North Carolina’s projected budget surplus now has grown to $580.5 million, up from $552.5 million. The news ought to encourage some great ideas and broader horizons from legislative leaders - more money for public education, perhaps a guarantee of more than one year for arts and music and physical education programs, bonuses for teachers, boosts for community colleges, investment in programs at the local level that help disadvantaged families.

Instead, Republicans in charge speak mainly of tax cuts for business and the “middle class,” but that middle class terminology is often deceptive. Most GOP tax cuts help the wealthy more than they do the middle class, of course, and the business tax cuts already have been excessive in a state that has long ranked one of the most accommodating for business.

But when news of the surplus and then the revised, larger surplus broke, Senate President Pro Tem Phil Berger, architect of things like HB2, responded to Democratic calls for using the money to help schools and families hit hard by Hurricane Matthew by saying: “While Gov. Roy Cooper thinks politicians know best how to spend your hard-earned money, we believe you know what’s best for your family and your bank account.”

That statement insults the intelligence of every citizen in North Carolina, and Berger and his sidekick, House Speaker Tim Moore, ought to be ashamed of that kind of pandering.
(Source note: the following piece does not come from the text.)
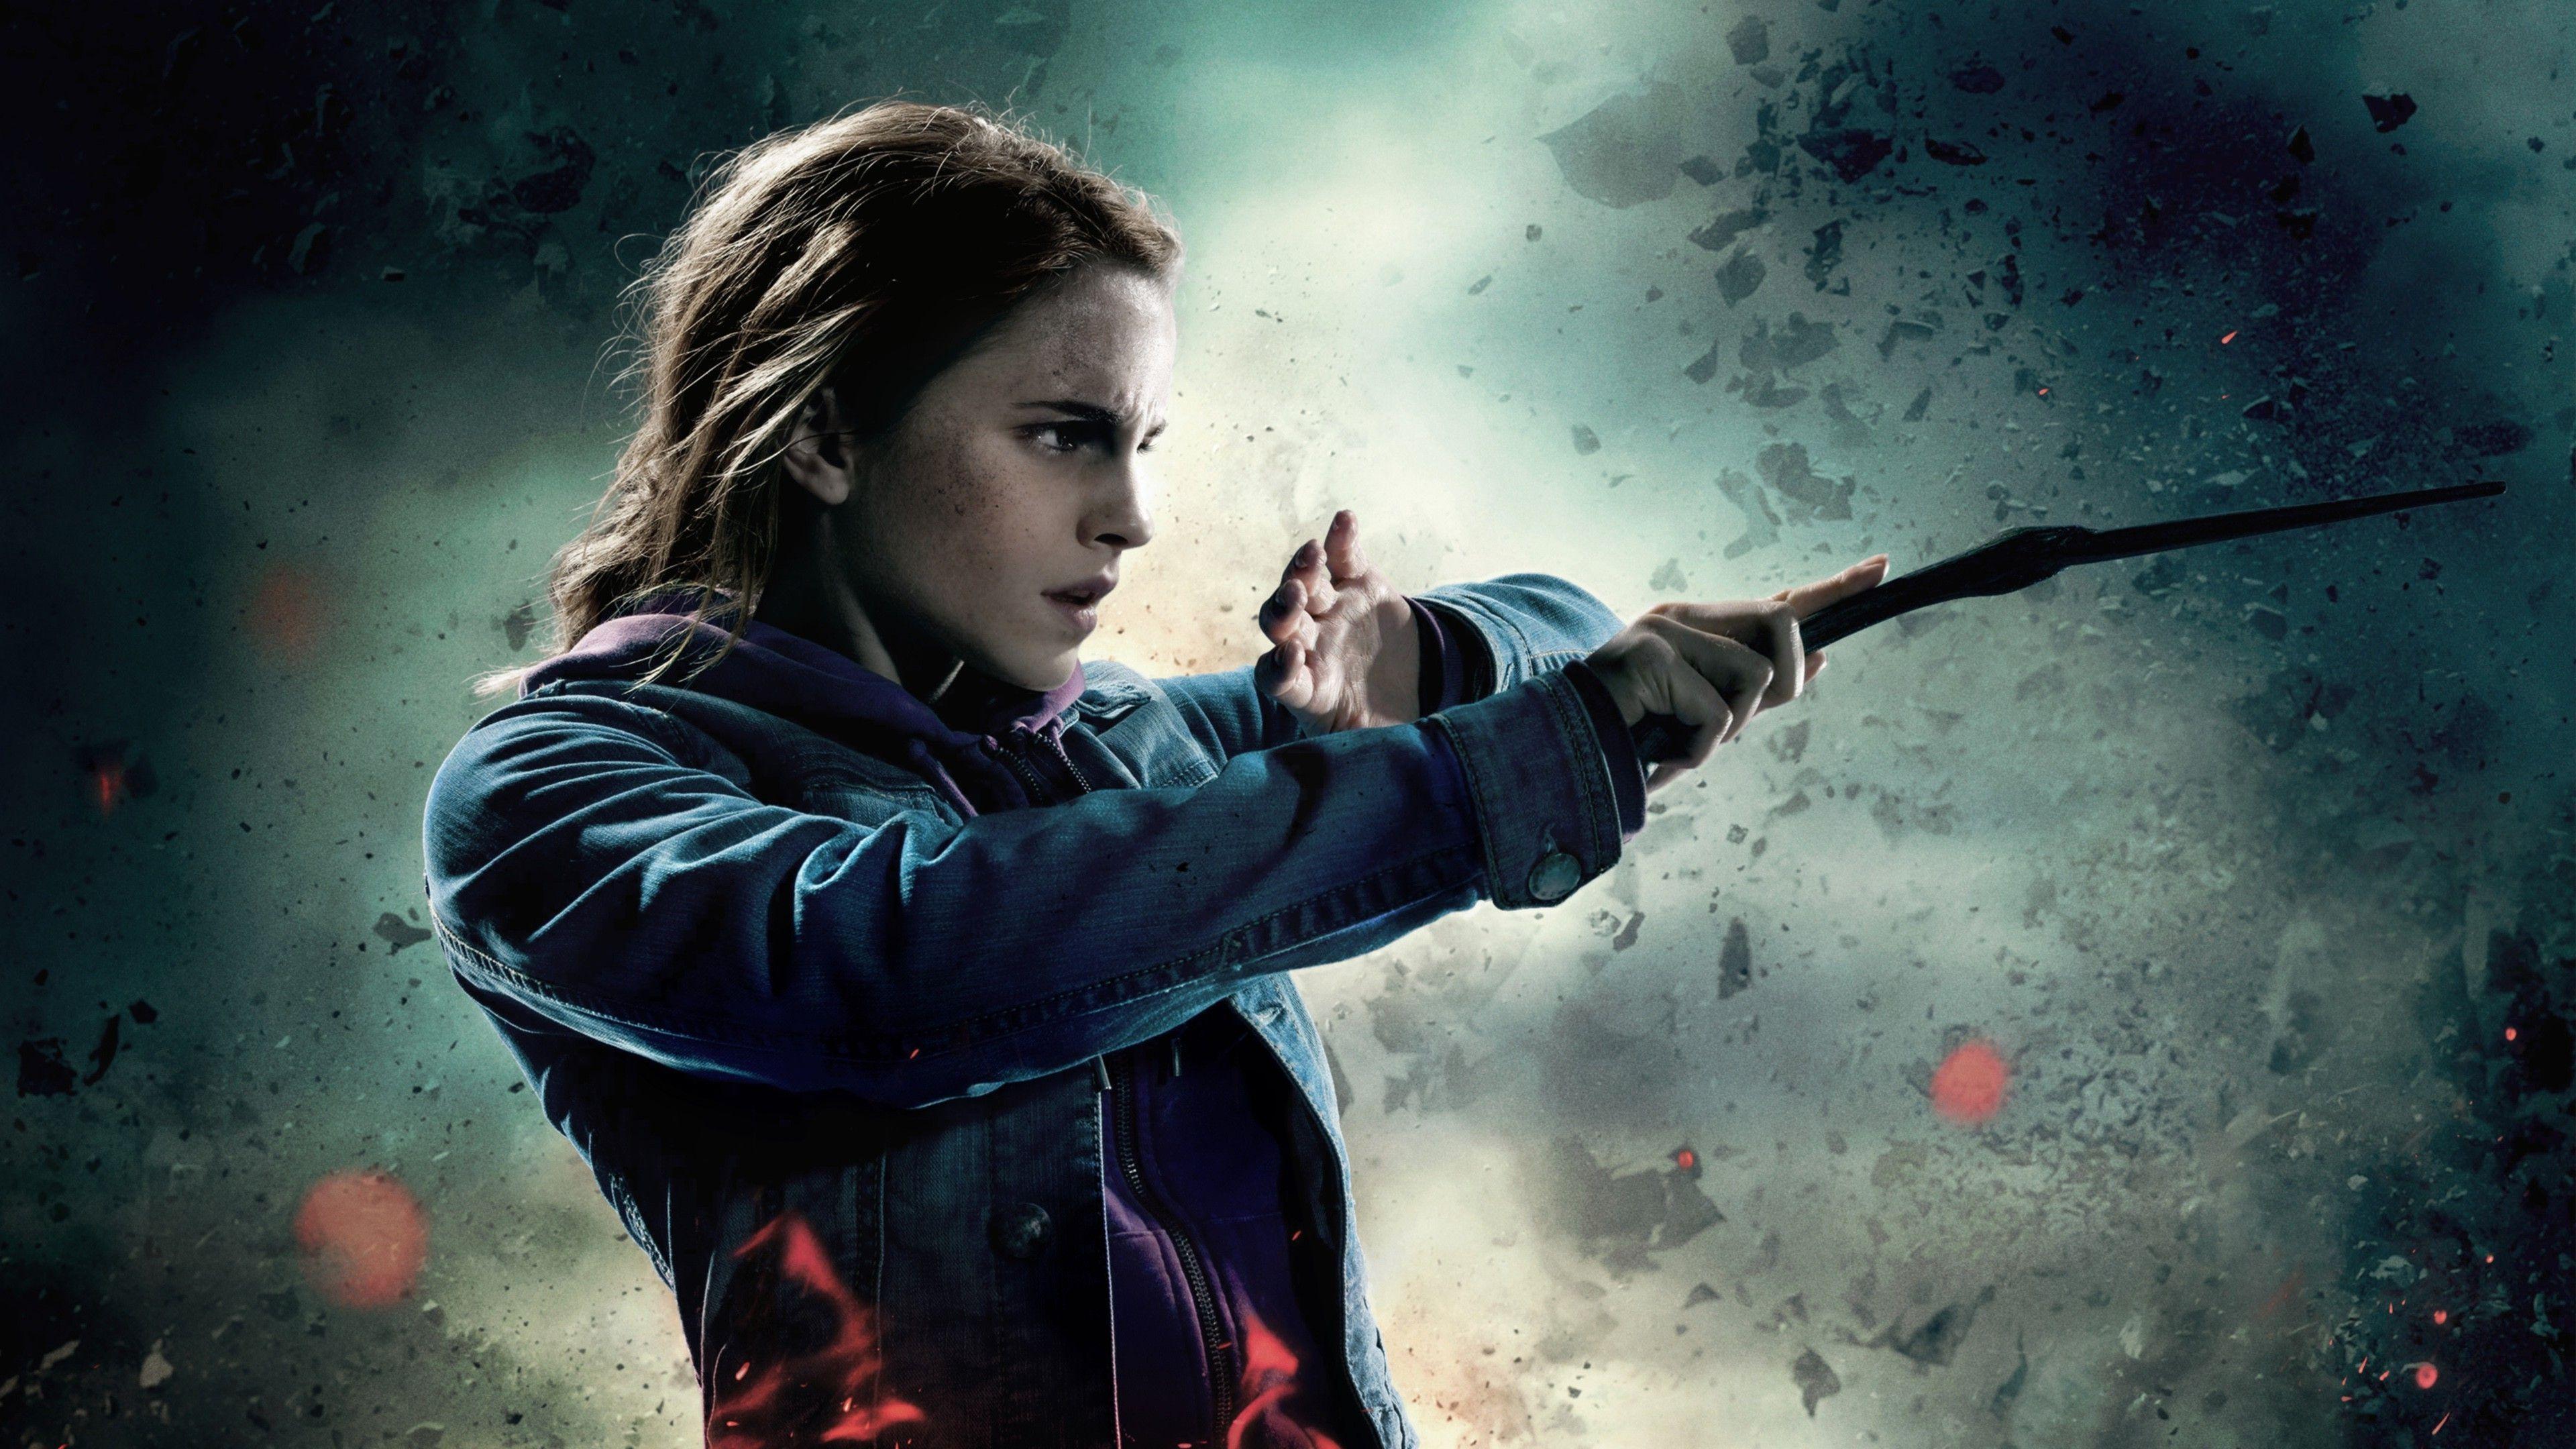 Hermione Granger Harry Potter Wallpapers - Wallpaper Cave

North Carolina is not some lone prairie where people fend for themselves.

And it’s interesting that Berger speaks of “your money and your bank account” after being so generous with tax cuts for business, giving up money that might have gone to help all the families of North Carolina.

Surpluses and tax revenue benefit every man, woman and child in North Carolina, period. State and local government provide roads and schools and police and fire protection and emergency services and parks and countless things that enhance the lives of all. All.

And yet given the opportunity to really do something for all, Berger and his sidekick and their mates look only to help business and the wealthy. So that’s what they are going to do.

This isn’t governing. This isn’t smart stewardship of the public’s money. It’s wasting the public’s money, throwing it away for the benefit of a few. This is lackluster, shortsighted government, not steering the state through the early 21st century with foresight.

In the last 50 years, North Carolina moved ahead of other southern states because Gov. Terry Sanford, elected in 1960, promised to make schools better. Gov. Bob Scott put together a new formula for a modern university system. Jim Hunt pushed ahead with a progressive agenda - very progressive, in fact, for the late 1970s and early ‘80s, and then came back for two more terms (‘93-‘01) devotedly primarily to education.

Now, with their lack of investment, Republicans are being every bit as reckless with spending plans as they’d claim the “big spenders” would be. They’re holding the reins on spending, all right. And on everything else.